Juni 1967, Jimi Hendrix beim Monterey Pop Festival. Im Beitrag des Sammelbandes über Jimi Hendrix herrscht demonstrative Farbenblindheit: Dass Hendrix Afroamerikaner war, wird nicht erwähnt.

(Foto: Bruce Fleming/AP Images)

Dösen Sie schön? Ein Buch über das eigentlich doch sehr aufregende Pop-Jahr 1967 offenbart Lücken und blinde Flecken - auch so geht Domestizierung durch Aneignung.

Von Jan Kedves

Akademisch über Pop zu schreiben galt lange als Widerspruch. Es kann auch heute noch einer sein. Nimmt man den Sammelband "Younger Than Yesterday - 1967 als Schaltjahr des Pop" zur Hand, sollte man die darin thematisierte Musik sehr, sehr laut aufdrehen, um die sedierende Wirkung der Lektüre auszugleichen.
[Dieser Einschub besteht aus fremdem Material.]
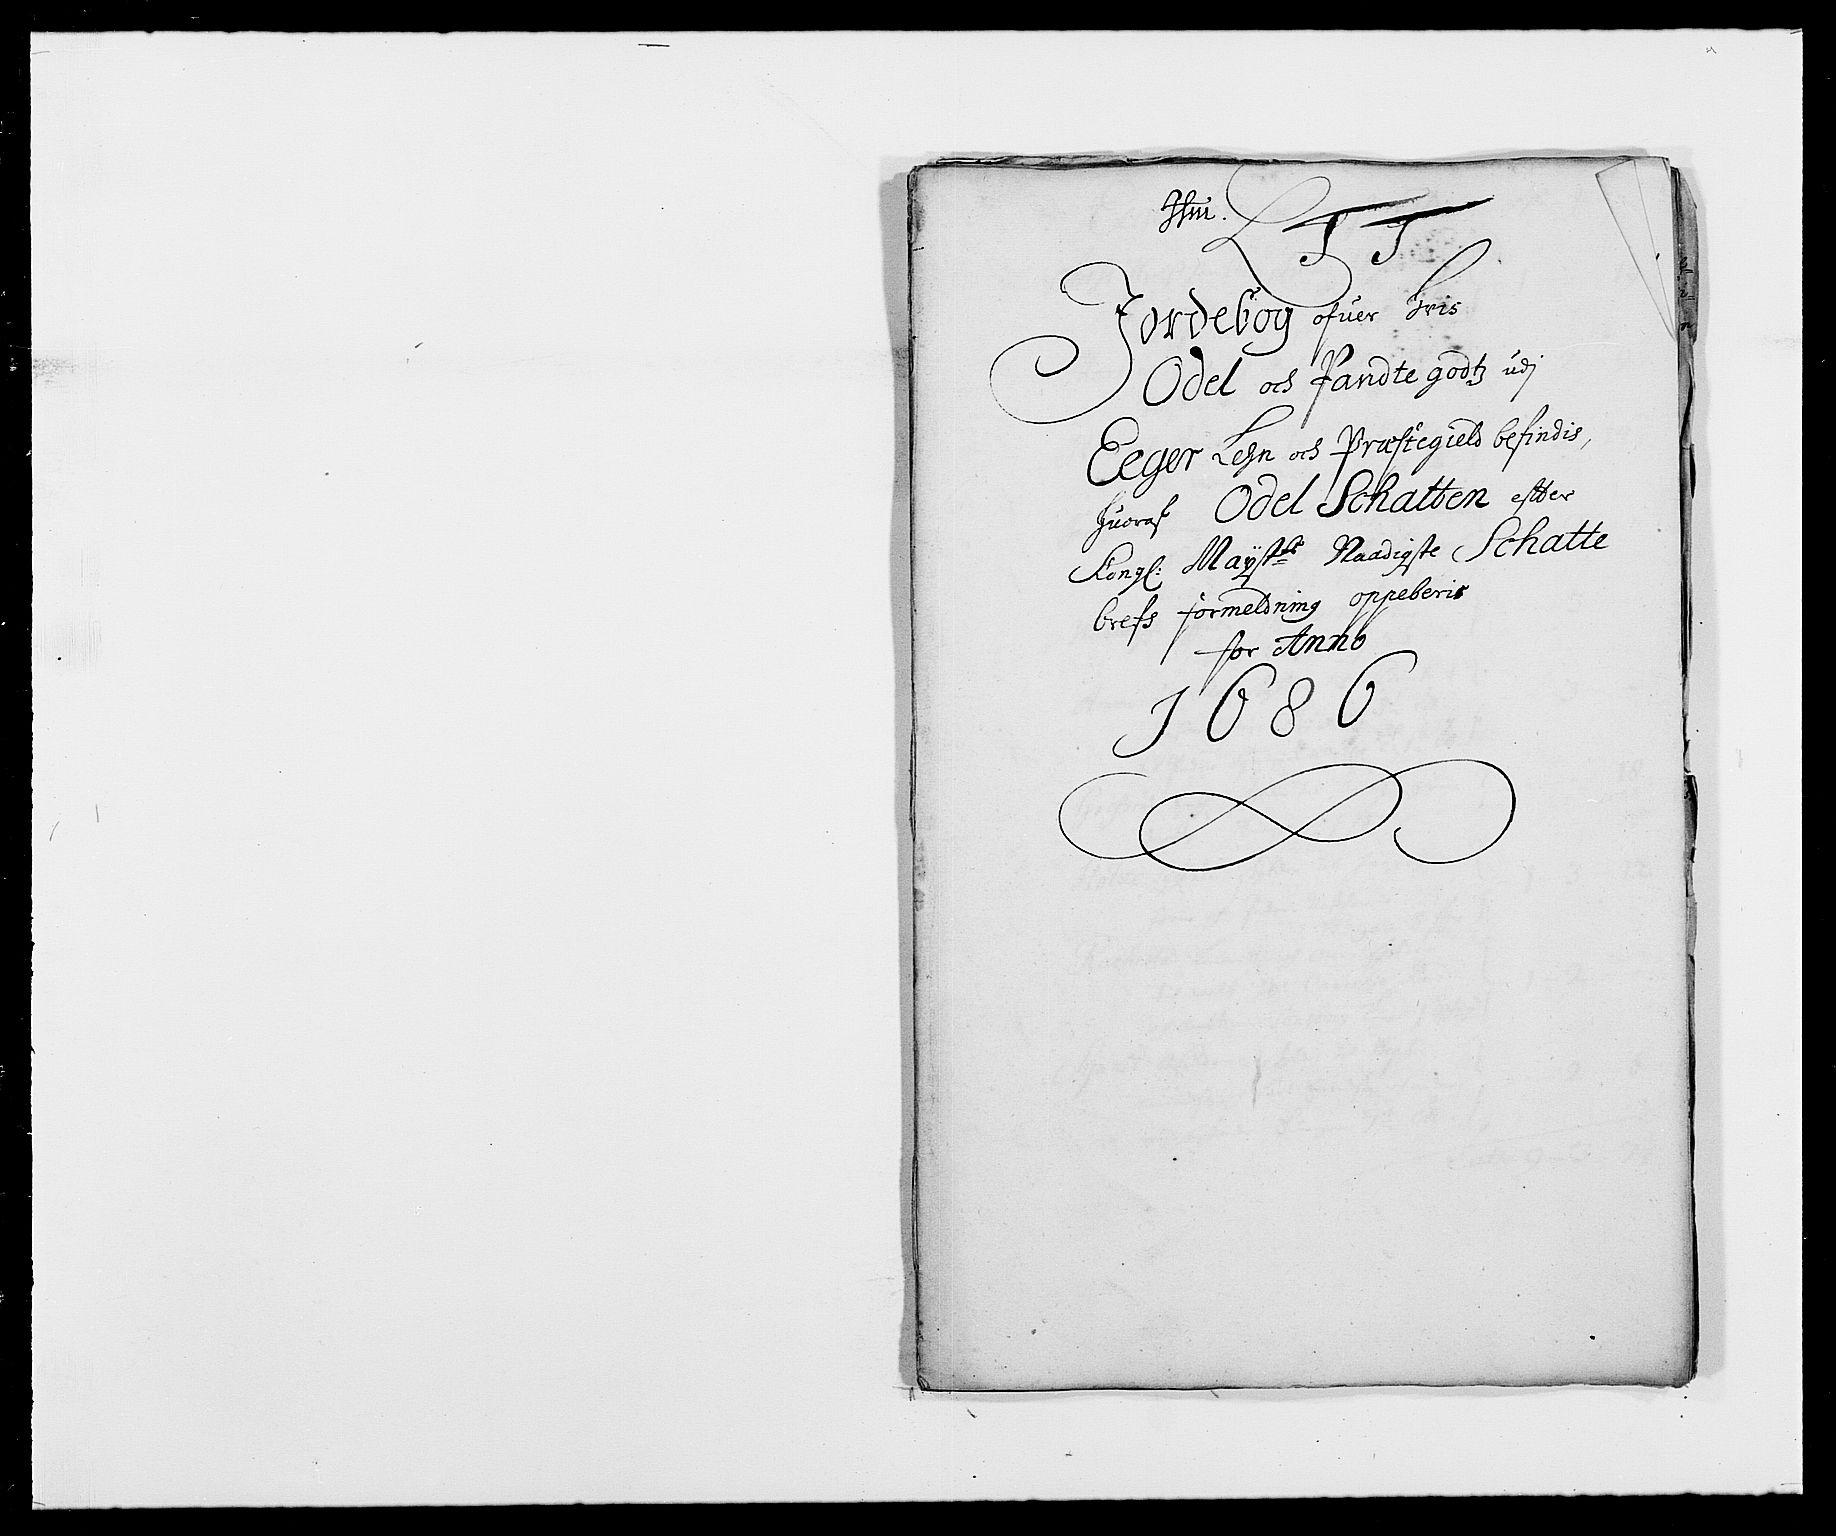 RA, Rentekammeret inntil 1814, Reviderte regnskaper, Fogderegnskap, R26/L1685: Fogderegnskap Eiker, 1679-1686, s. 186

Gewiss, wissenschaftliche Pop-Exegese muss aus der benutzten Sprache nicht unbedingt selbst Pop machen, so wie es im deutschen Sprachraum Diedrich Diederichsen oder Rainald Goetz getan haben. An sich ist es eine schöne Idee, jedem einzelnen Pop-Jahr sein eigenes Buch zu widmen und damit Jon Savages jüngstem Werk "1966: The Year The Decade Exploded" - es behandelt die Teenage-Kultur, LSD, die Beach Boys, Andy Warhol, die Effekte von Motown in Großbritannien, die Schwulenbewegung, im Grunde eben das große Ganze - ein paar deutsche Aufsätze über das Folgejahr zur Seite zu stellen. Aber wenn schon der erste Satz lautet: "Am 1. Juni 1967 erscheint das achte Album der Beatles", und der zweite Satz "Sgt. Pepper's" zitiert: "It was twenty years ago today", dann weiß man: Die Autoren haben es sehr mit Zahlen, aber nicht so mit spannendem Formulieren.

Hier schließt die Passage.